An interaction term between SNPs and type of treatment was added to models based on all the patients with colorectal cancer to test predictive markers associated with differential survival according to the type of chemotherapy (oxaliplatin-based vs. others). Assessment for SNPs that are prognostic for oxaliplatin-based treatment outcomes was conducted solely in patients who received oxaliplatin-based chemotherapy. All analyses were performed separately according to two UICC stage groups (II–III and IV) to allow for possible heterogeneity by stage (31).

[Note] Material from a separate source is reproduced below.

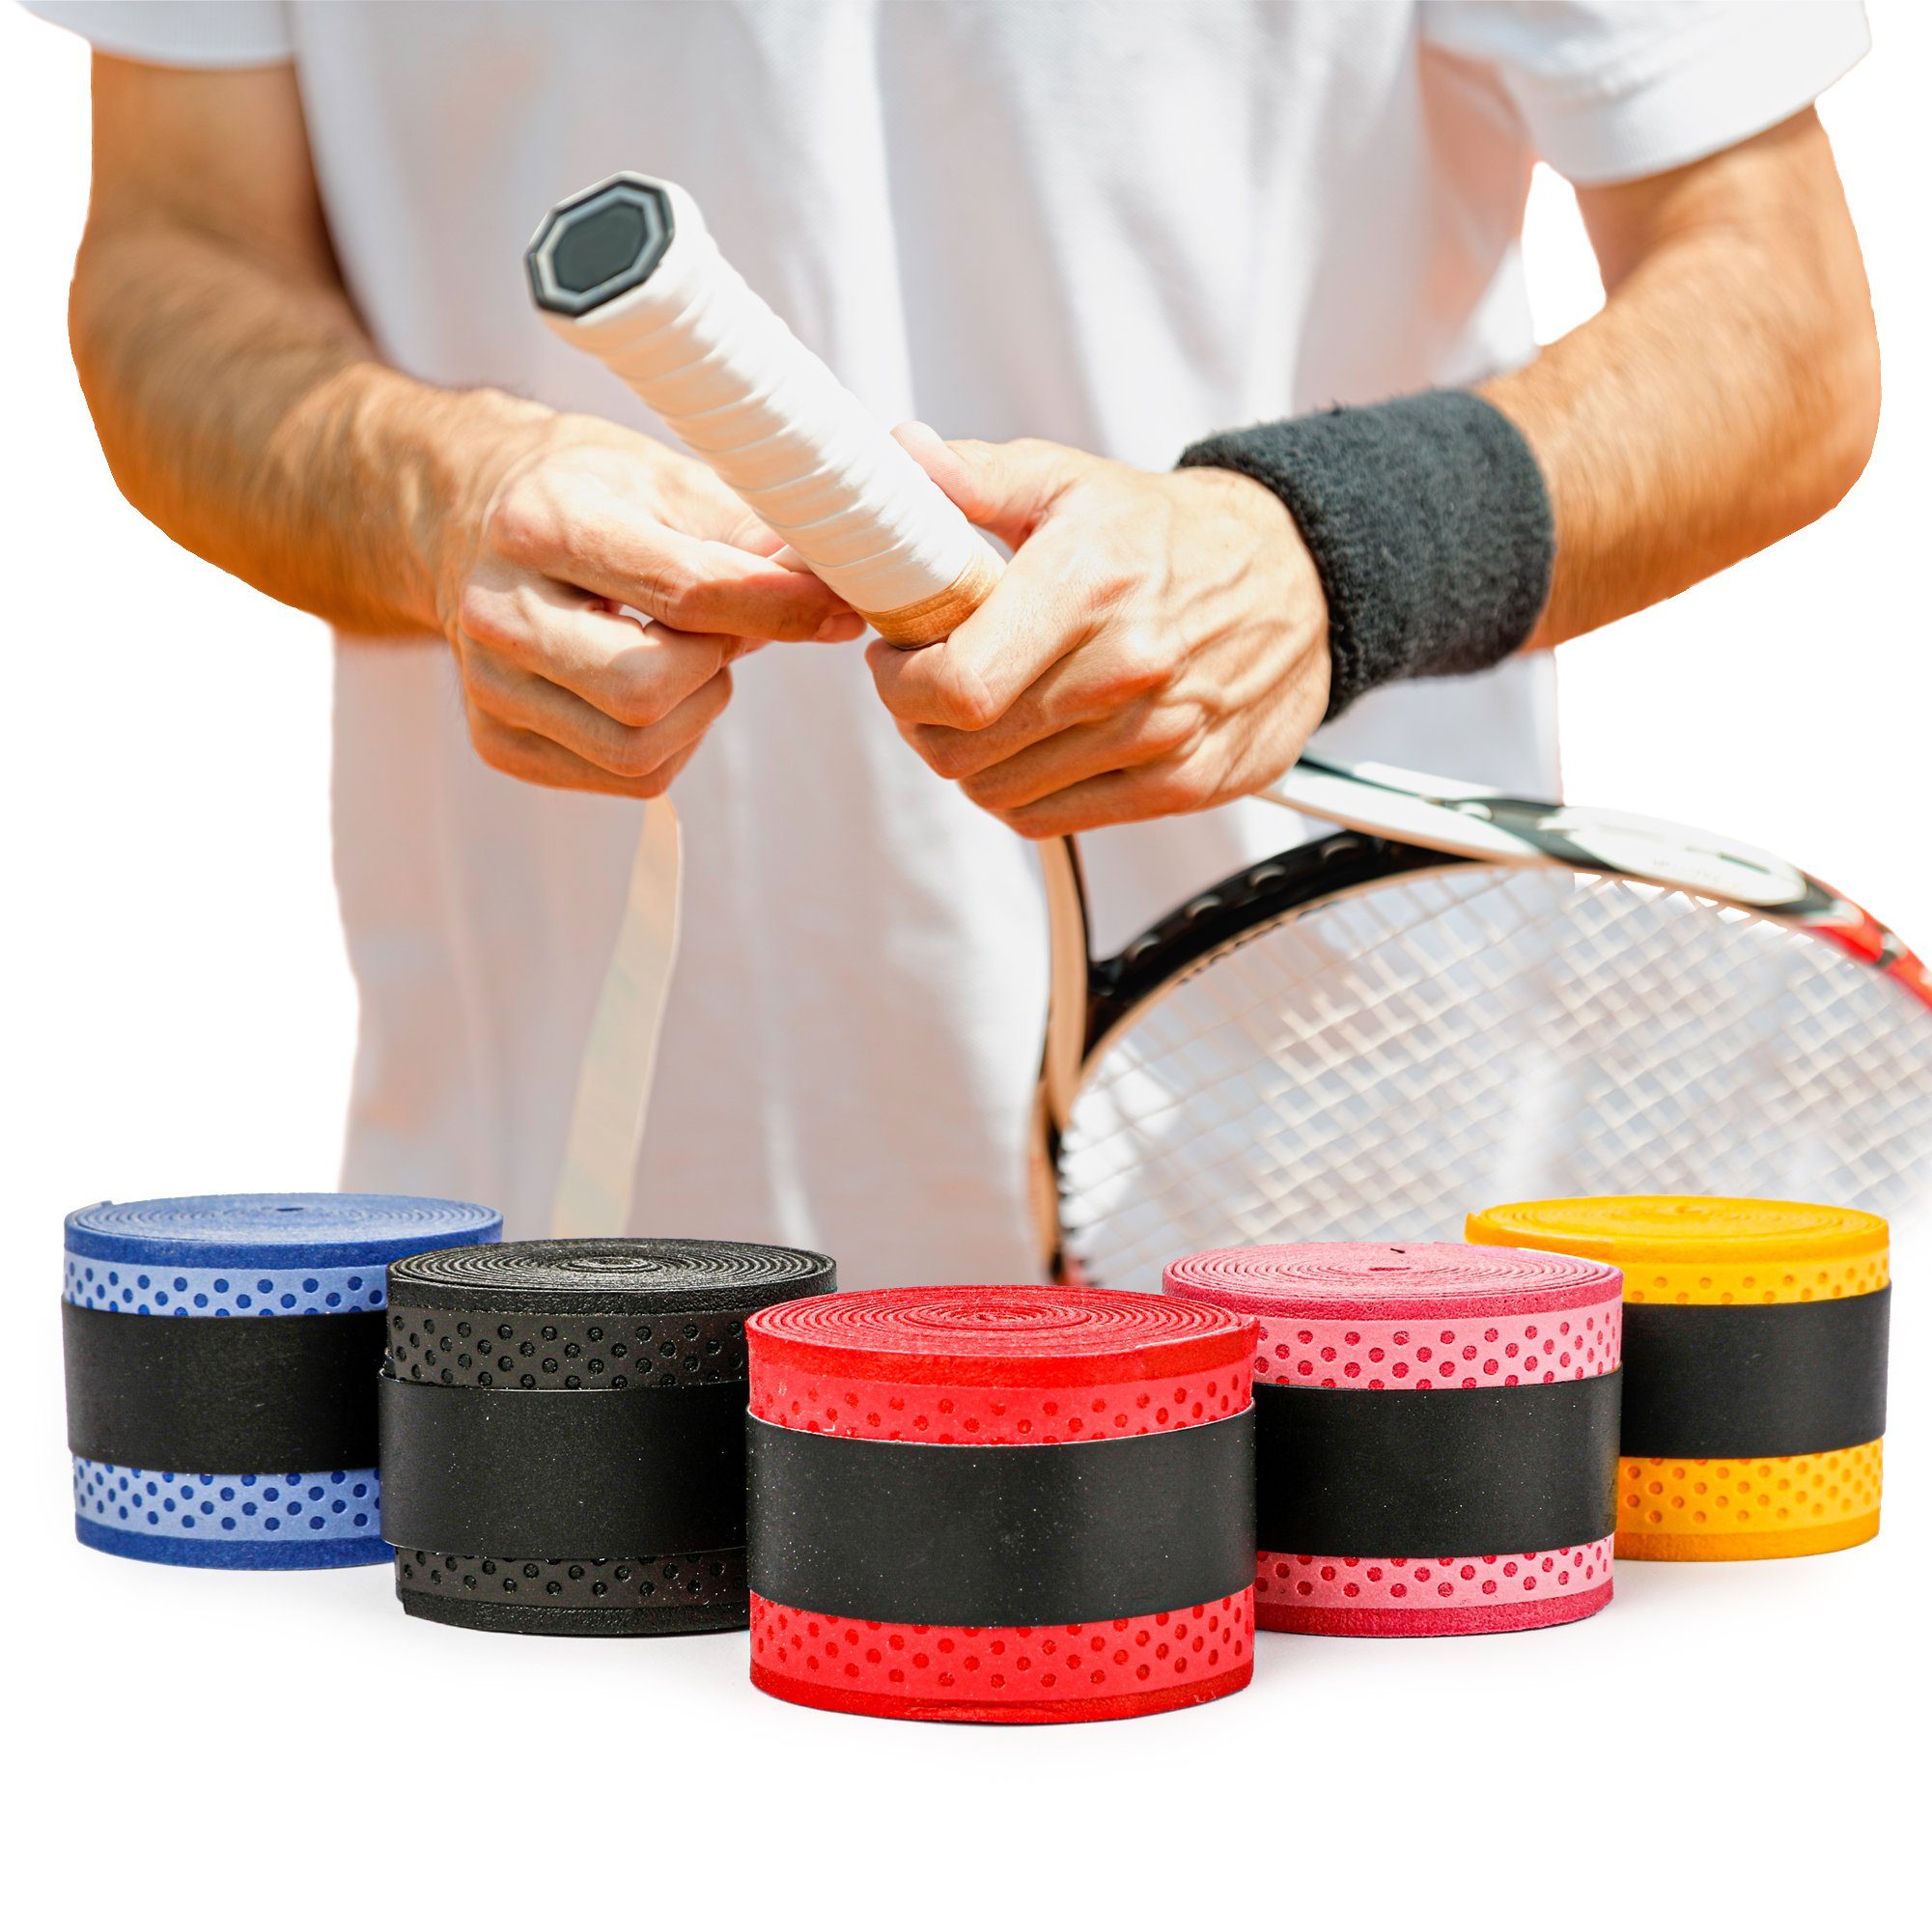 Tennis Badminton Squash Schläger Griffbänder Wickel Lenker Overgrip Band

We adjusted for multiple testing by using Bonferroni corrected P value of 4.7 × 10–4 (P = 0.05 divided by the number of tests done, 53 SNPs* 2 endpoints). Quantile–quantile (Q–Q) plots were employed to appraise the expected distributions under the null hypothesis against the distributions of the observed test statistics of the 53 SNPs tested (Fig. 2). They describe the P values obtained from association tests plotted against those which would be expected solely by chance. P values that deviate from the identity line (x = y) at the tail of the distribution would indicate deviation from the null hypothesis. We assessed the study power to evaluate predictive/prognostic SNPs of treatment by calculating detectable effect sizes for OS and PFS given the power of 85% and a type I error of 4.7 × 10–4 and 0.05 (Supplementary Table S2).

Figure 2.Figure 2.Figure 2.

Q–Q plots showing P values obtained from tests on the associations between type of treatment (oxaliplatin vs. non-oxaliplatin based treatment) and 53 SNPs as predictive and prognostic factors for two endpoints (OS, PFS) in patients with stage II–III (A), and patients with stage IV (B). It shows P values (blue dots) with 95% CI (gray area). The solid lines represent the identity line (x = y). OX, oxaliplatin treatment.

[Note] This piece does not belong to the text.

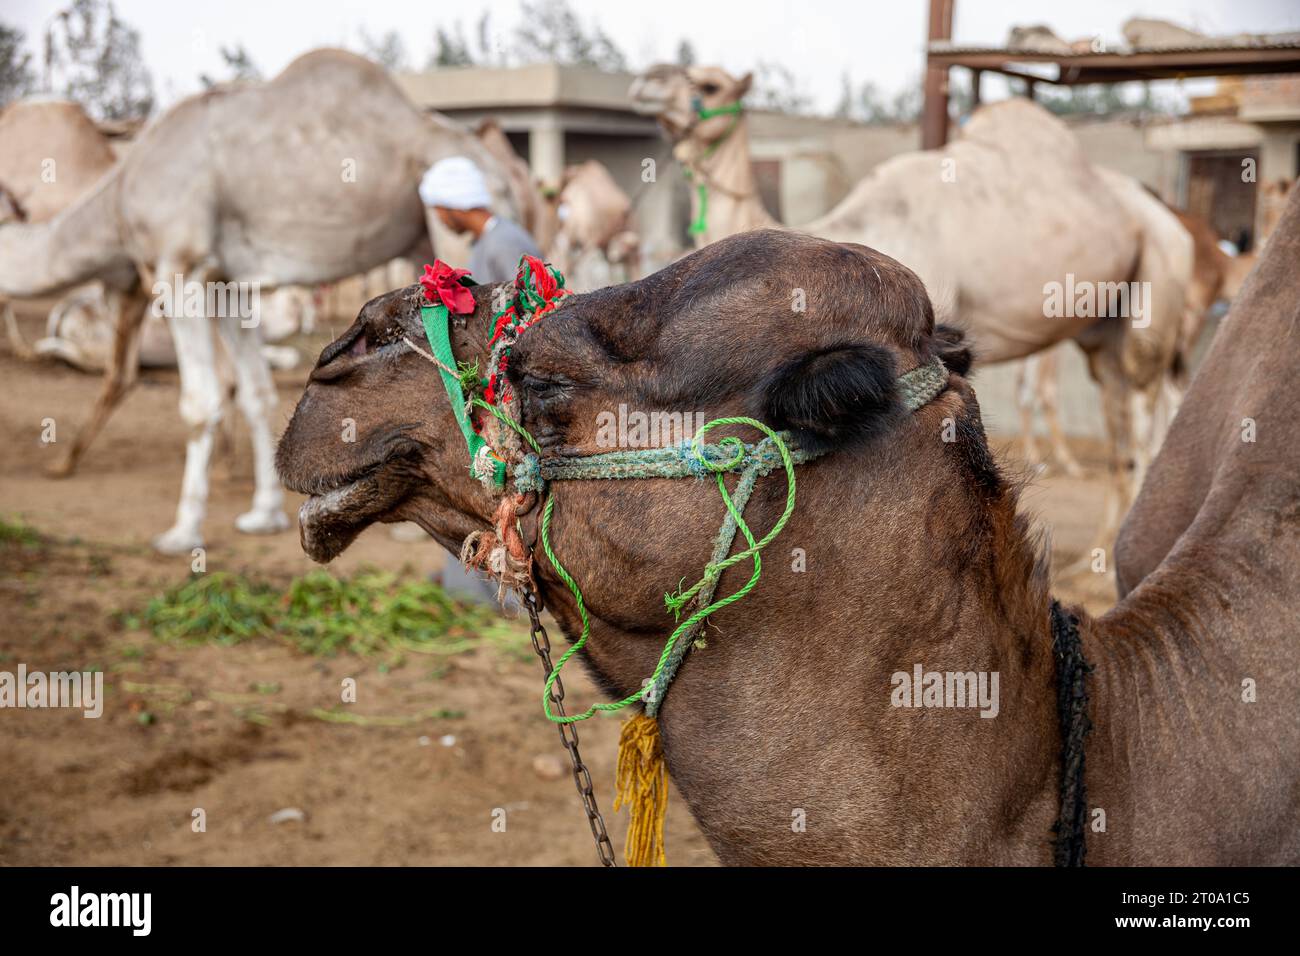 Egypt, Cairo, Birqash, Camel Market - Moroccan camel Stock Photo

The statistical analyses were carried out using R version 3.6.0 (www.R-project.org) and the R packages “survival” and “powerSurEpi.”

Results

The main characteristics of the study population overall and according to the two stage groups (stage II–III and stage IV) are shown in Table 2. The mean age of the patients with colorectal cancer was 66 years (SD: 10 years), and 40% of them were female.

Table 2.

Patient characteristics of the DACHS study sample.

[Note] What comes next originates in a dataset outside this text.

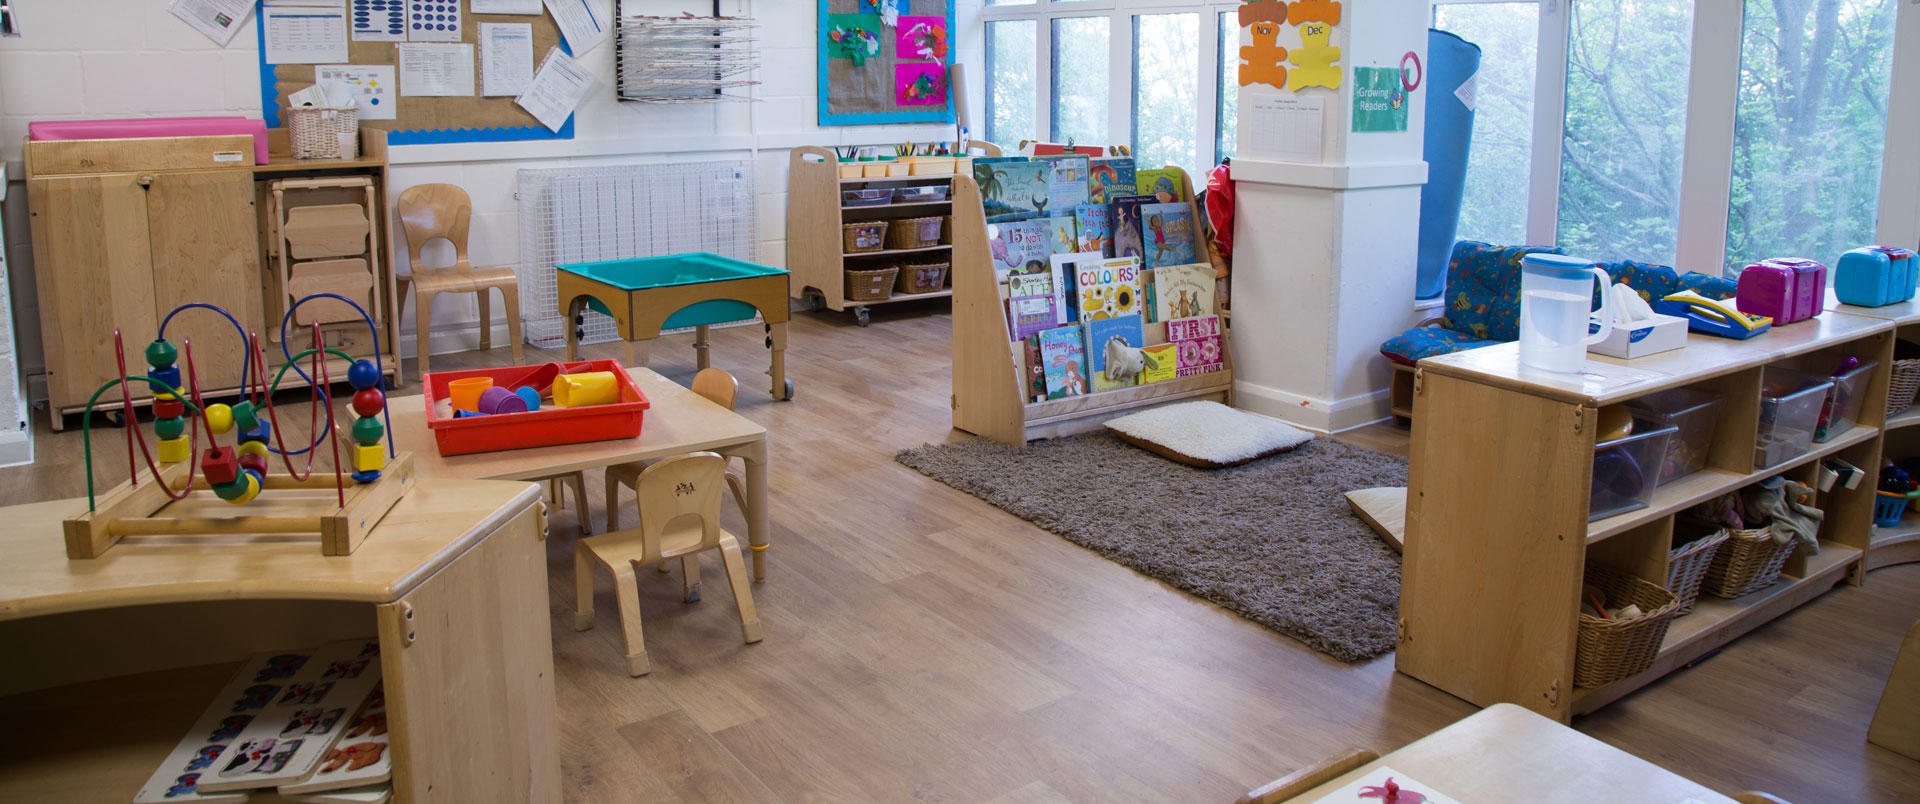 Bright Horizons City Child Nursery and Preschool London 03334 551710

We found some significant SNP associations at P < 0.05, none of which remained statistically significant after multiple testing corrections. These includes five predictive SNPs, GSTM5-rs11807, ERCC2-rs13181, ERCC2-rs1799793, ERCC5-rs2016073, HMGB1-rs1360485, which showed differential survival for oxaliplatin compared with non-oxaliplatin treated patients (Pinteraction = 0.026 for OS and PFS, Pinteraction = 0.041 for OS, Pinteraction = 0.016 for OS, Pinteraction = 0.032 for PFS, Pinteraction = 0.025 for PFS, respectively; Table 3; Supplementary Table S3). Two of the SNPs are also prognostic, GSTM5-rs11807-C, and ERCC5-rs2016073-G, which were associated with worse survival in the patients who received oxaliplatin. Two more SNPs were only prognostic. XPC-rs2228000-A was associated with improved PFS in patients who received oxaliplatin, whereas P2RX7-rs208294-C was associated with worse OS and PFS. In addition, three putative functional SNPs were identified to be associated with oxaliplatin at P < 0.05 in patients with stage II–III colorectal cancer. P2RX7-rs2230911-G was prognostic and predictive, showing improved OS in patients who received oxaliplatin, whereas two SNPs, MGMT-rs12917-T and RPA1- rs5030755-G, were only predictive (Table 3; Supplementary Table S3).

Table 3.

SNPs nominally associated at P < 0.05 with OS and PFS as prognostic and/or predictive markers in patients with stage II–III colorectal cancer.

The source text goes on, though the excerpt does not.